Why are you looking at me like that?

I haven't talked much about Hethor in these posts yet, but it's not because he's not an interesting guy. I'm just trying for SOMETHING like brevity here. Hee. Anyway, Hethor, whom we last saw whining over the loss of his sex doll, has declared himself Severian's "slave" and has been following him doggishly since forever and will turn out to have been the author, by mysterious means, of the notules, as well as many other weird and inimical creatures Severian encounters in his travels. Now, Robert "Solar Labyrinth" Borski has a whole thing about Hethor and maybe Beuzec too being shapeshifters (and thus aliens?) as the best explanation for how Hethor manages to cart his menagerie of monsters around, but as far as I can guess, Hethor is named for St. Ethor (aka Hethor), a Celtic saint and martyr who was killed with 89 other monks in a Viking raid. And as for Beuzec, Beuzec is an alternate name for another Celtic saint, Saint Budoc, who was supposedly born in a cask in which his mother had been sealed by her jealous stepmother ("beuzi" being the Breton word for "drowned"), who no sooner had been born than was reassuring his terrified mother that "we have nothing to fear. God is with us, we are near the end of our voyage, and the time of consolation God promised us by his angel is at hand." He grew up to be a great churchman, whose saintly relics if sworn on guaranteed punishment to those who broke their oaths. But so that kind of blows Borski's shapeshifter thing by his own logic, because only humans from Urth get saints' names in BotNS?

Anyway, it still doesn't preclude Hethor's being some kind of beastmaster, possibly one with access to the same weird mirror technology we learned about in the story of Father Inire and the fish.

But enough about Hethor and Beuzic for now, because suddenly all attention is on a flash of white in the distance and it's like H&B aren't even there anymore. And off goes Severian on a wild walking statue chase.

Walking statues? Yes. Four times life-size and inhumanly beautiful and walking around what is rapidly becoming a garden as they progress. Maybe we're closer to the House Absolute than we think, yes? Yes. Because suddenly praetorians! In impossibly shiny and reflective armor that makes them very hard to see, so perfectly does it mirror their surroundings! And they've arrested Severian and Jonas and, presumably, Hethor and Beuzic! And it turns out that they've all been on/in the House Absolute for quite a while now, because the House Absolute's roof is covered in soil and stone and flowers and paths and walking statuary!
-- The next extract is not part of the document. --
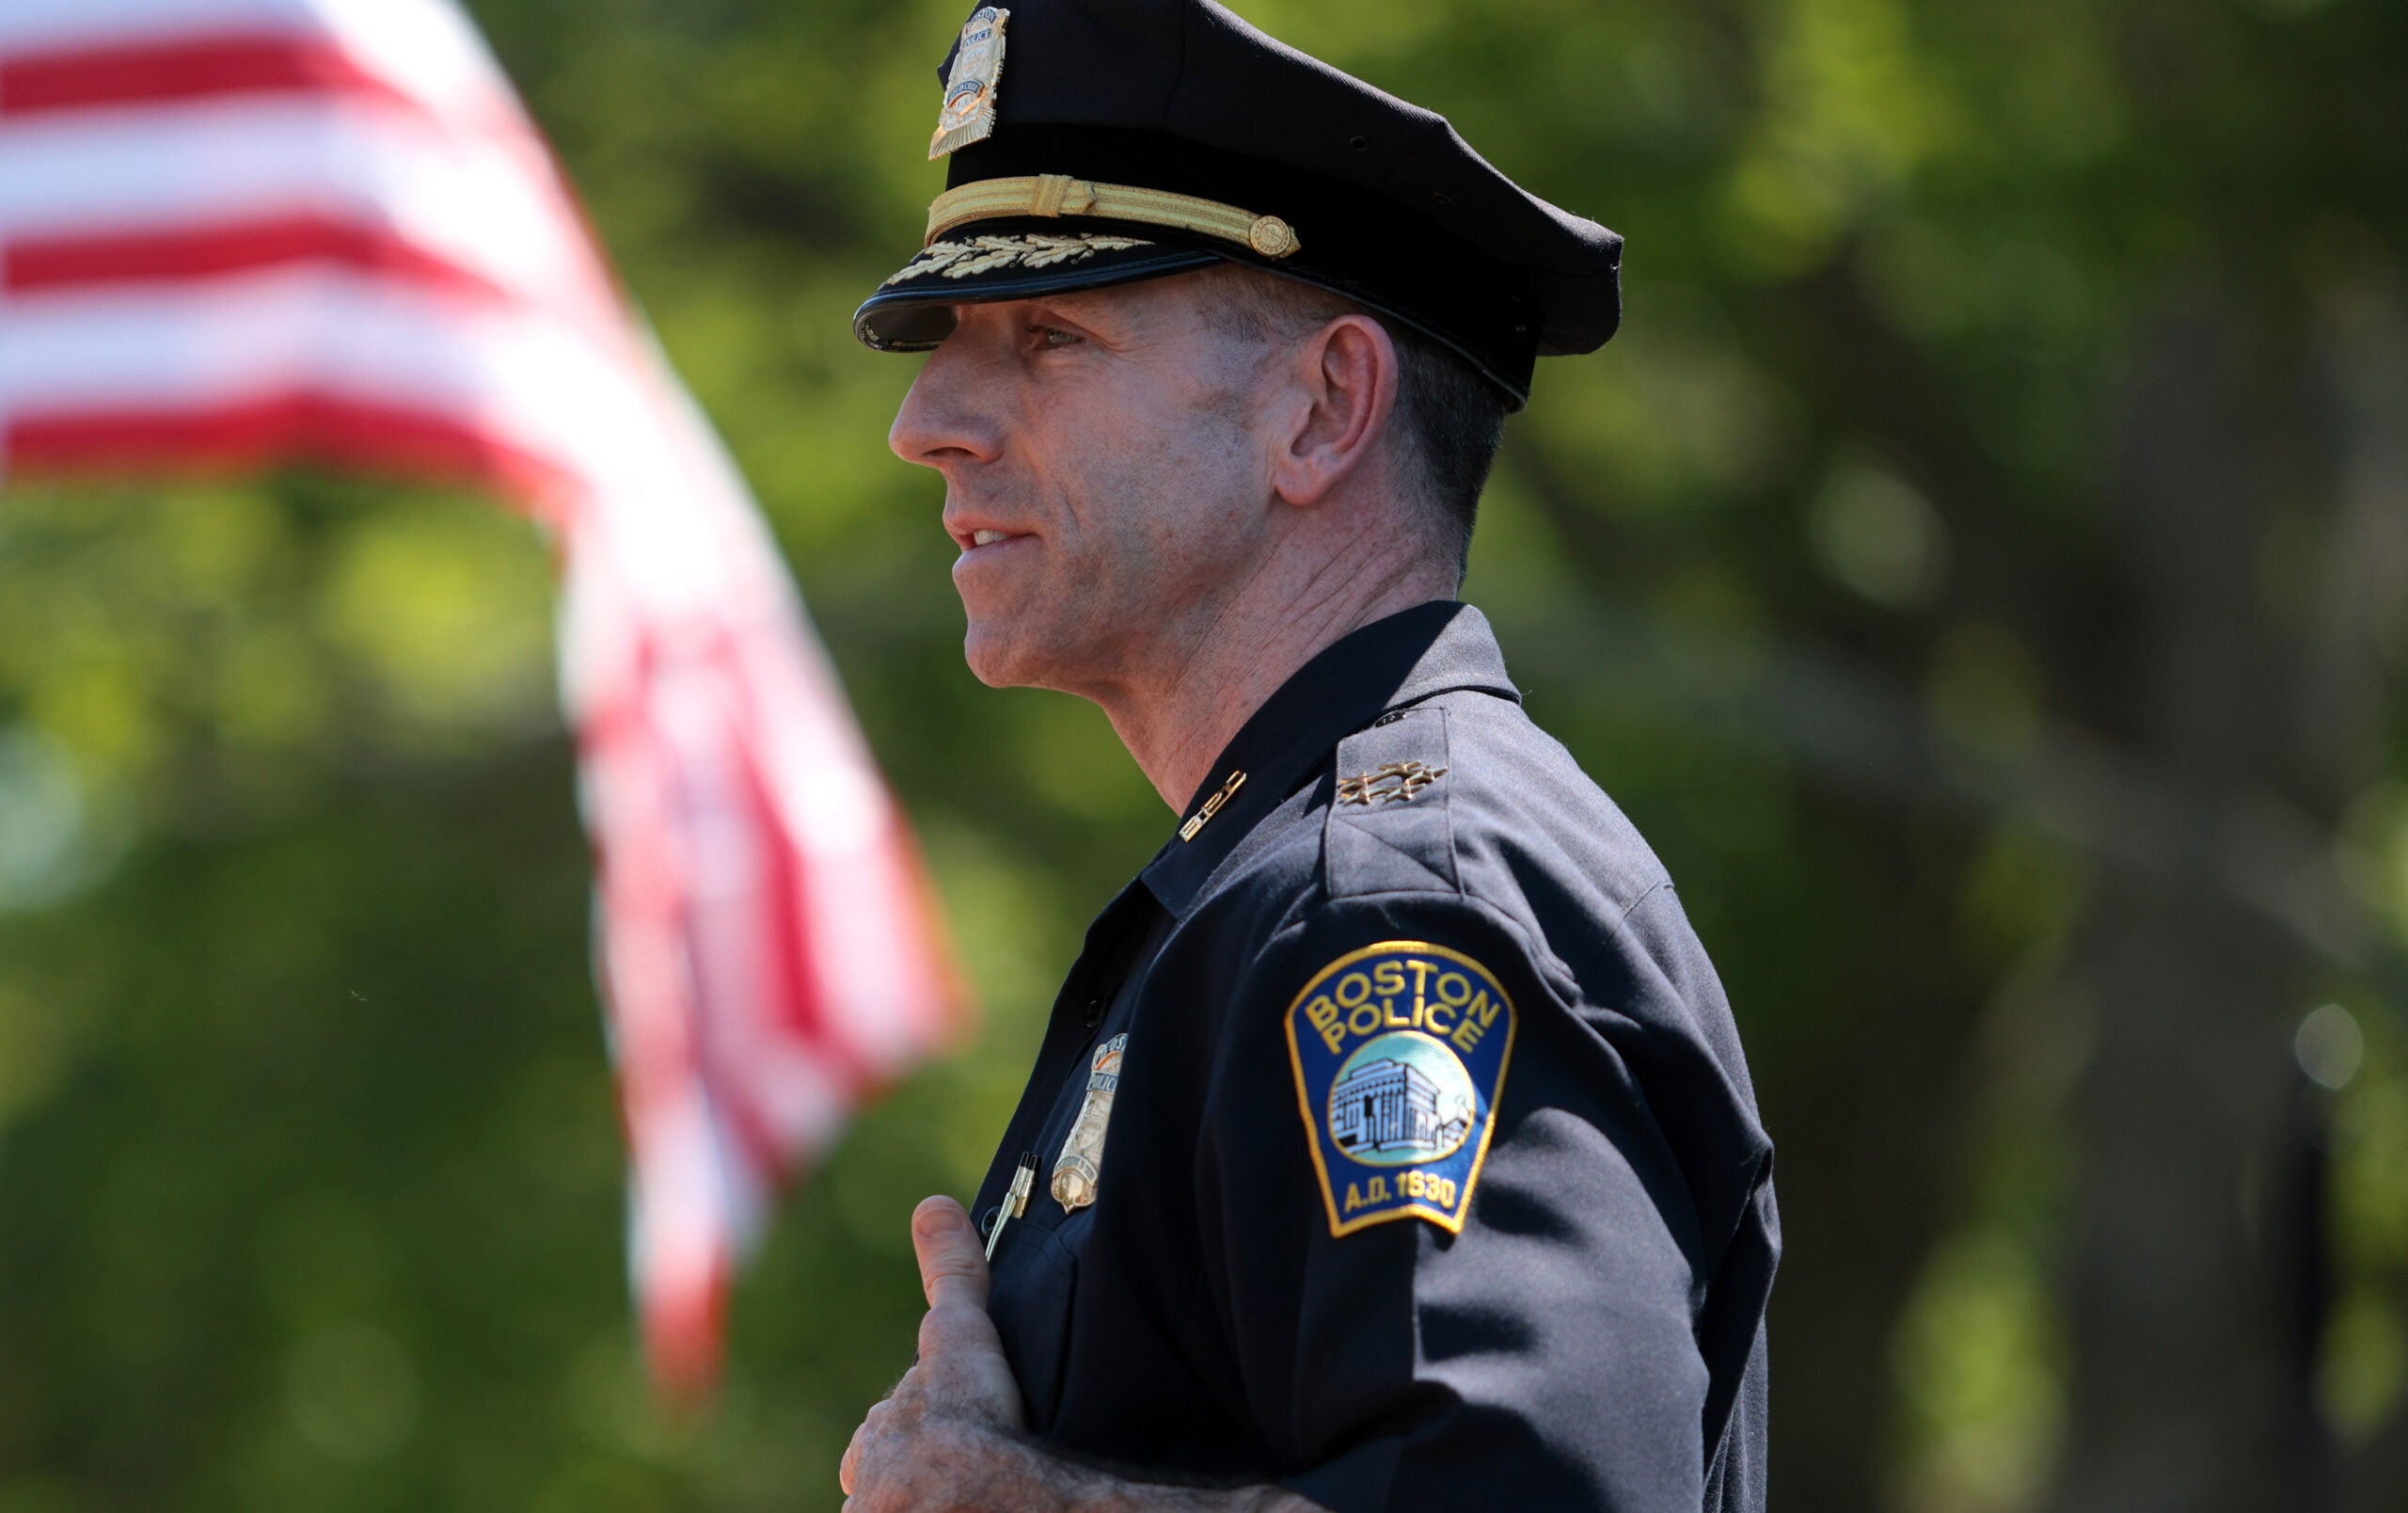 Boston police officers remembered in annual ceremony 2

Because the House Absolute is underground! As Thecla already kind of knew, come to mention it, but Severian is still getting acquainted with how the whole Head-Thecla thing works.***

But soon it's 100% Thecla memory as Severian works out where they've been brought: the infamous Antechamber, where we soon learn generations of prisoners have lived and died waiting for an audience with the Autarch to explain away their crimes. Or their ancestors' crimes? It's all very weird and terrifying and monstrously unfair. Jonas winds up shanghai'd into lengthy conversation with a lot of people who have never been outside of the Antechamber, whose parents never got out, etc etc until they have a lot of weird funny ideas of what the outside world is like, on the order of believing that the people who carry sugar are armed with swords to defend it****, because the whole concept of "bees" got lost in a big game of generational Chinese Whispers.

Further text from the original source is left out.